> [Record excerpts]:
****************

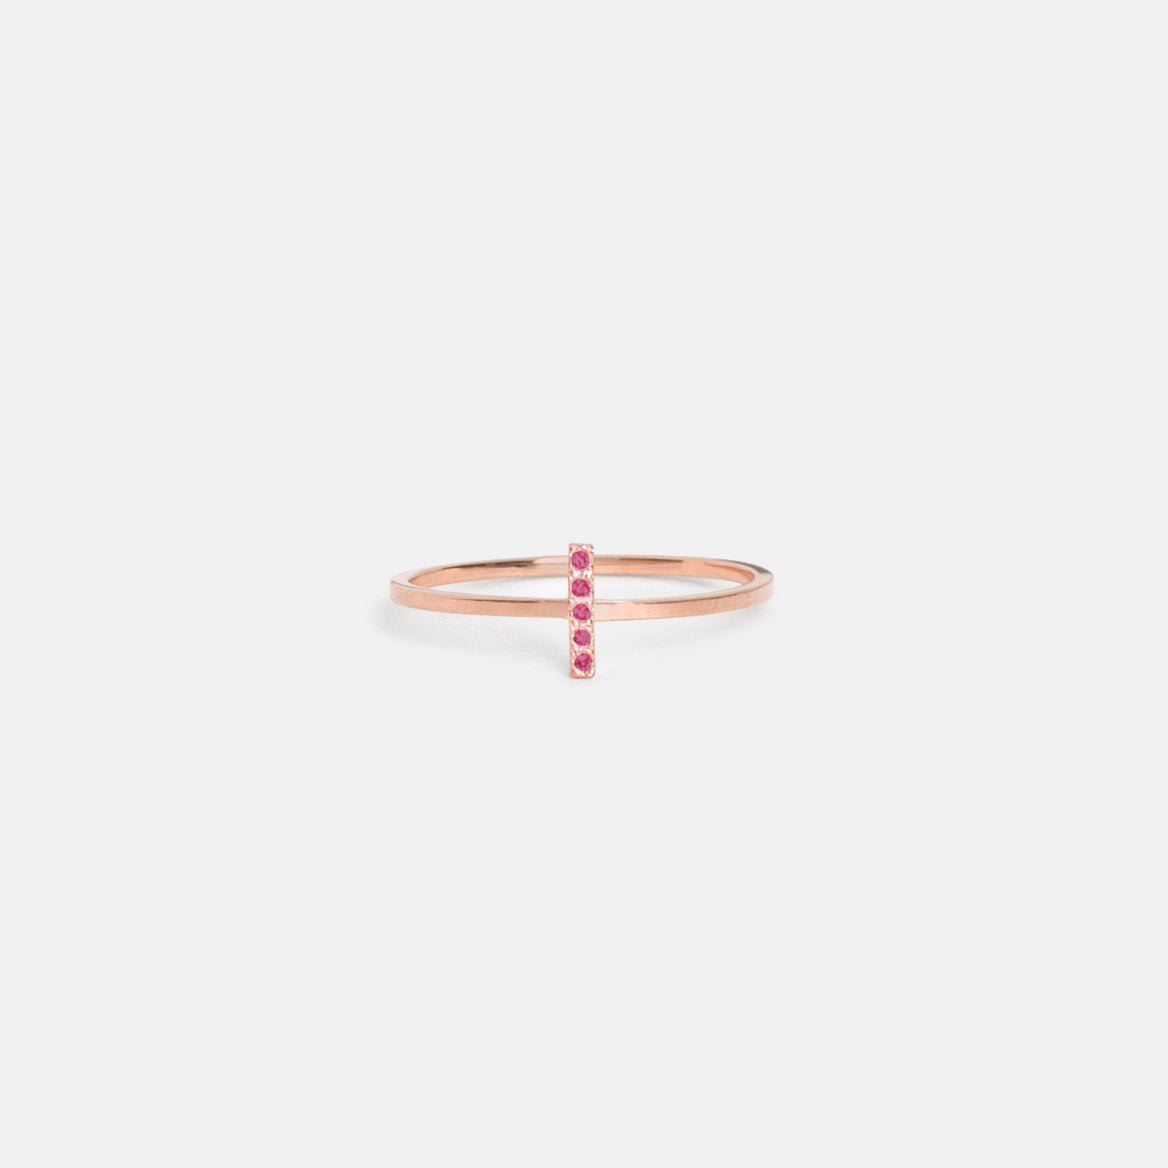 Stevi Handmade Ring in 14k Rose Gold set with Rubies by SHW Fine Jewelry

****************

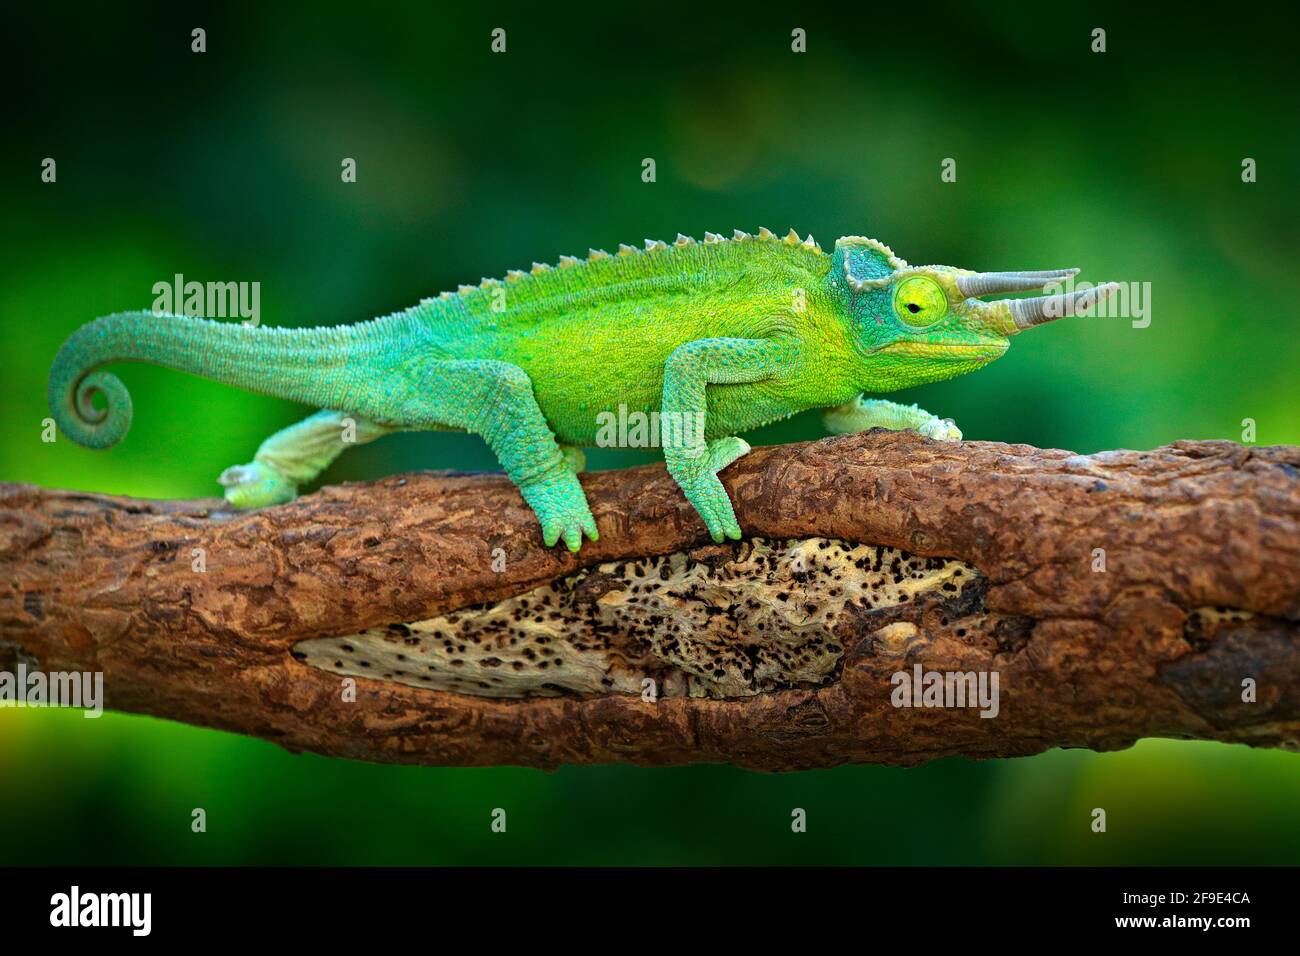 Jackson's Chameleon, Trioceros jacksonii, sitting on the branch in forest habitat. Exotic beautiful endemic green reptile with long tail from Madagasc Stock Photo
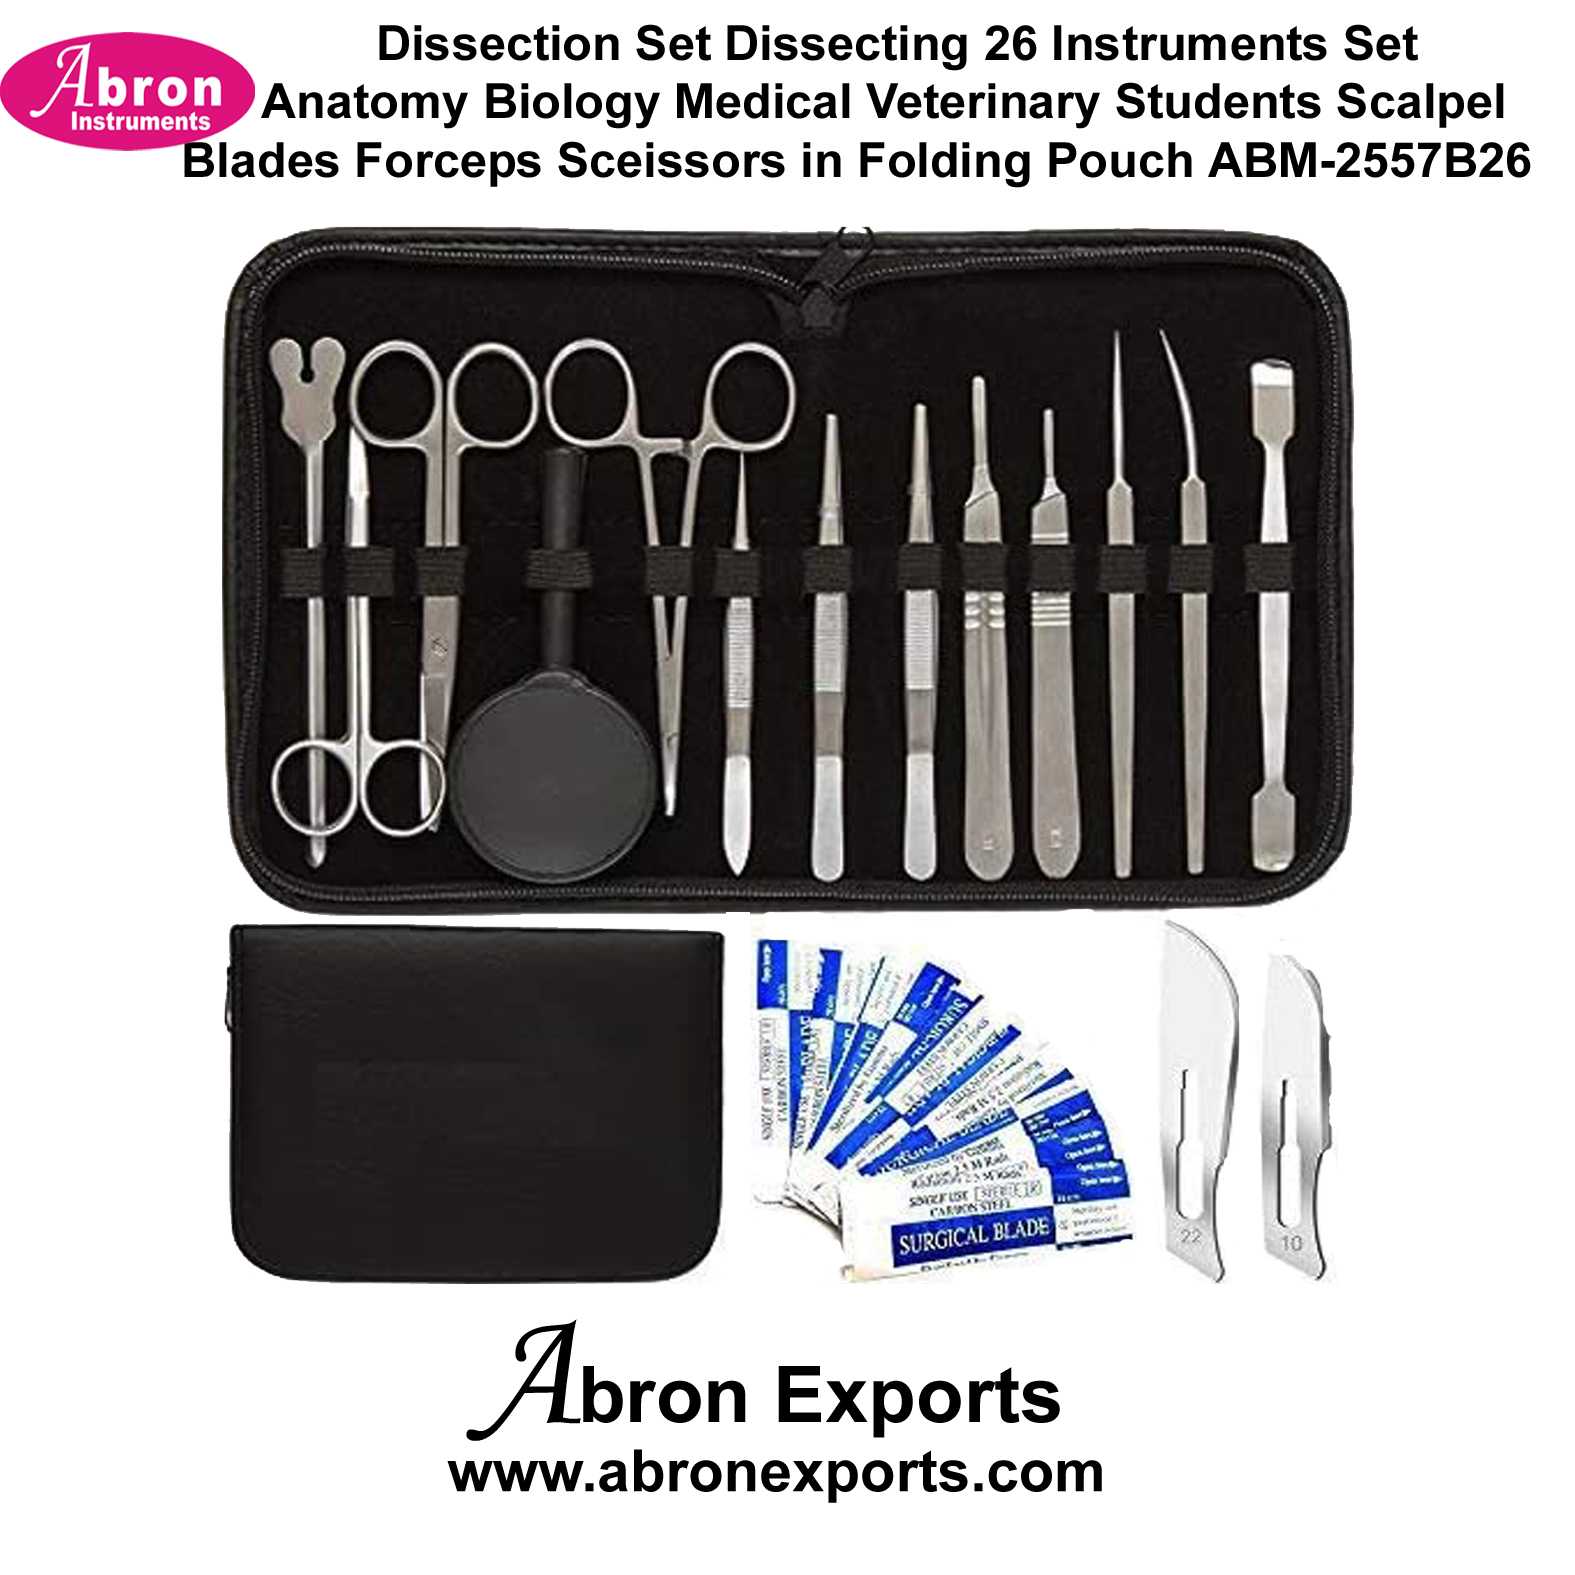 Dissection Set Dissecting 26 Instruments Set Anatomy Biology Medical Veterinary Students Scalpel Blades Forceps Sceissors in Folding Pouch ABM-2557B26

****************

> [Description of the task]:
Your copy should hold only the lines above from the one containing "Jackson's Chameleon, Trioceros" through the one containing "Dissection Set Dissecting", exactly as written and free of pictures.

> [Response to this task]:
 Jackson's Chameleon, Trioceros jacksonii, sitting on the branch in forest habitat. Exotic beautiful endemic green reptile with long tail from Madagasc Stock Photo
 Dissection Set Dissecting 26 Instruments Set Anatomy Biology Medical Veterinary Students Scalpel Blades Forceps Sceissors in Folding Pouch ABM-2557B26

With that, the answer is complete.